What should I do with the rock after it is pulled??there's nothing wrong with your params, we have algae challenges that present independent of params constantly. no, standing algae doesnt just absorb all nitrate and phosphate because some algae is there.
nobody with a standing ATS is exporting waste either, they have to be actively growing and removing/regrowing in order to cycle out the wastes. this tank hasn't been manually gardened, and that can fix it. I recommend we apply what works in big tank rework threads that have pics of tanks getting fixed to completion.
you should take out one single test rock. We do our will to it.

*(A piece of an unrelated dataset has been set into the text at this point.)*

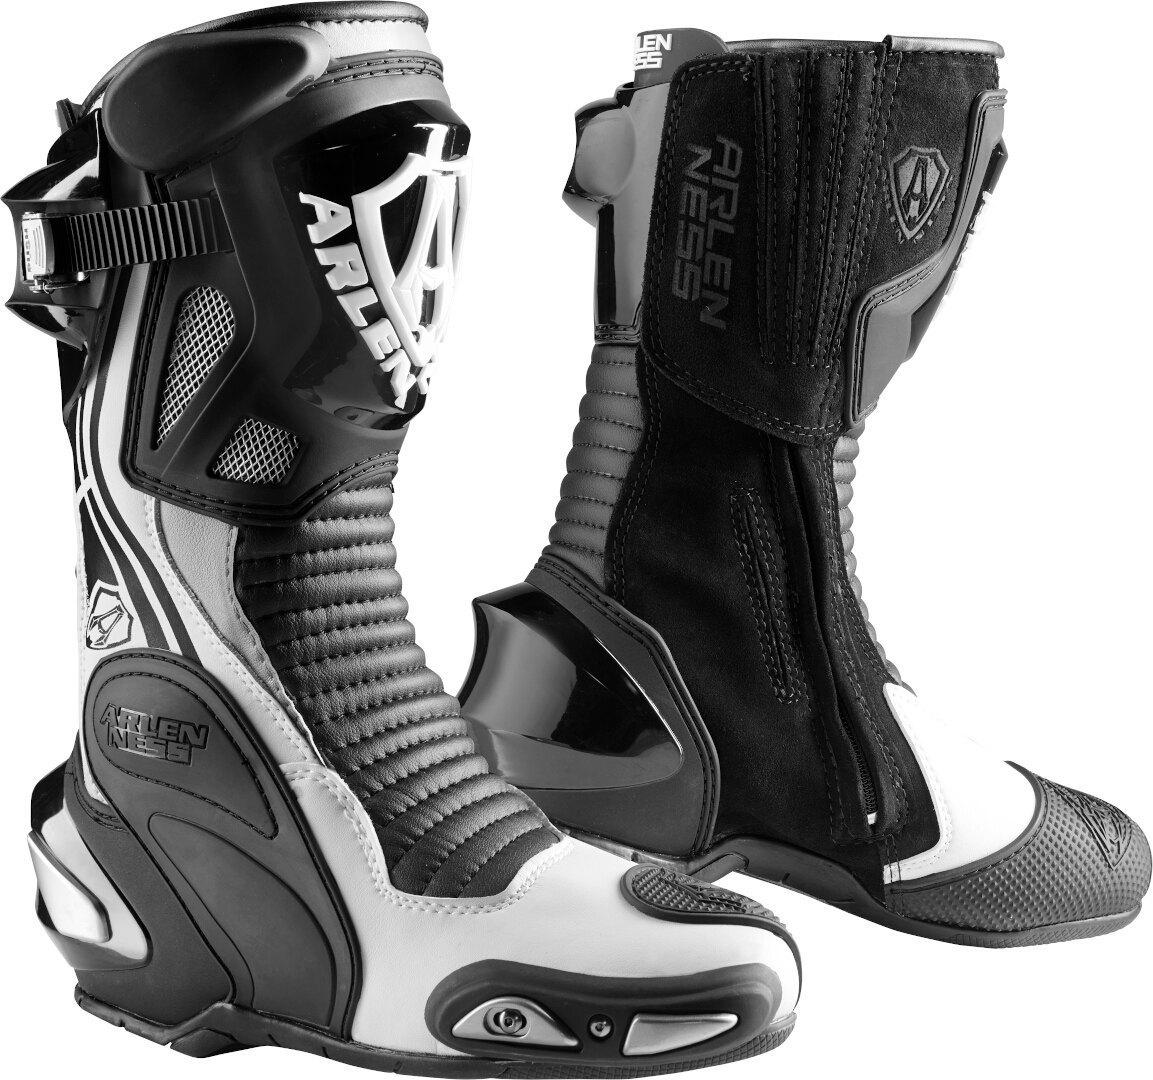 Arlen Ness Pro Shift 2 Motorradstiefel, schwarz-grau-weiss, Größe 40, schwarz-grau-weiss, Größe 40
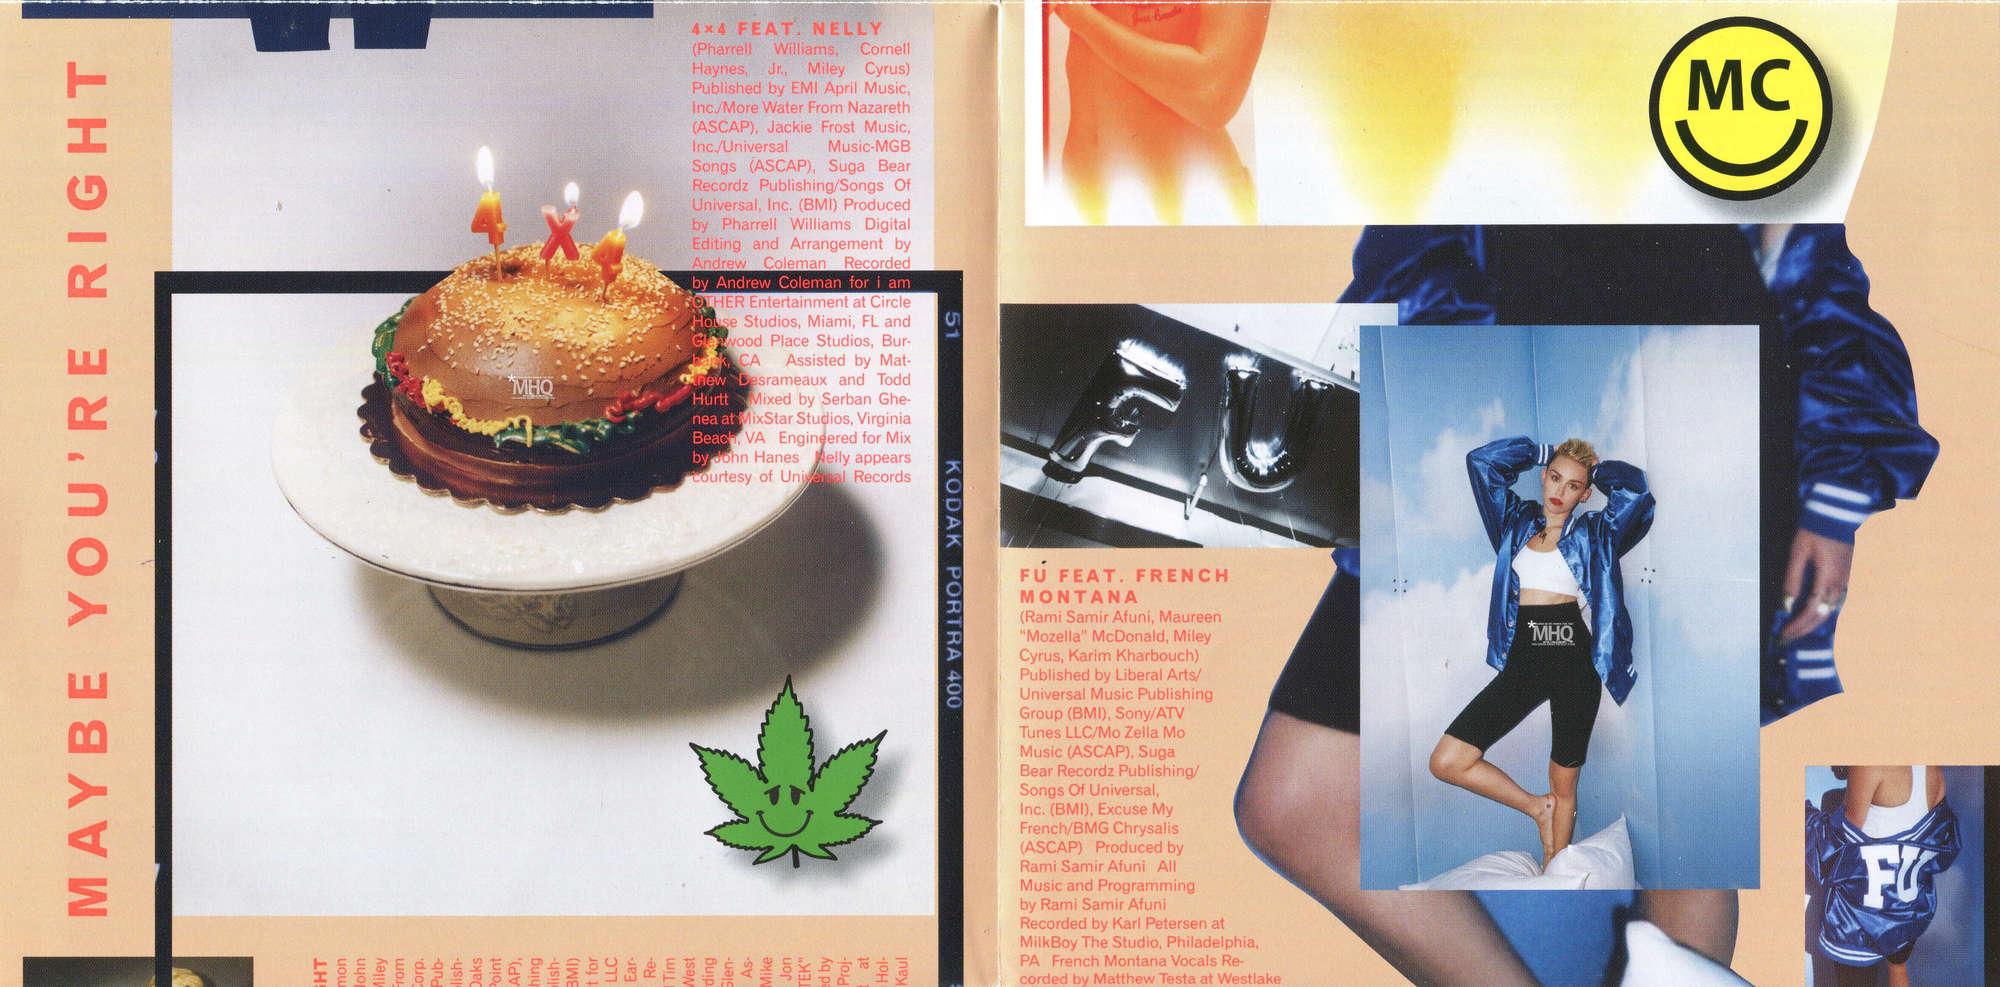 Miley Cyrus: Bangerz Album Booklet -03 - GotCeleb

put it back among the others, this is harmless. I get full say over the test rock, you let others choose what the water and other rocks go through, we race to best looking compliant substrate, you upscale the winner to the whole tank. we waited five pages to test params, now everyone agrees they're good. hesitation ends, we should work a test rock correctly. here's the exact job no variation:
take out rock use kitchen knife tip to debride it off, roughly, like the CUC you wanted to be doing this all along. catch up.
the whole rock is tip-debrided into clarity. no more algae. it was rinsed off in saltwater only along the way. the entire test rock has zero target on it bc you spent an hour detailing it that well, excluding all invader with steel not hopes.
on the clean surface, apply peroxide 3% out of a bottle right on target, avoiding corals, hitting former growth spots. wait 3 mins
rinse in saltwater, put back.
chart this among all the other things going on that will take days, months and years to look like the test rock. reconsider any approach that led to this takeover, dont use that alternate method for sure until you're ready to experiment again.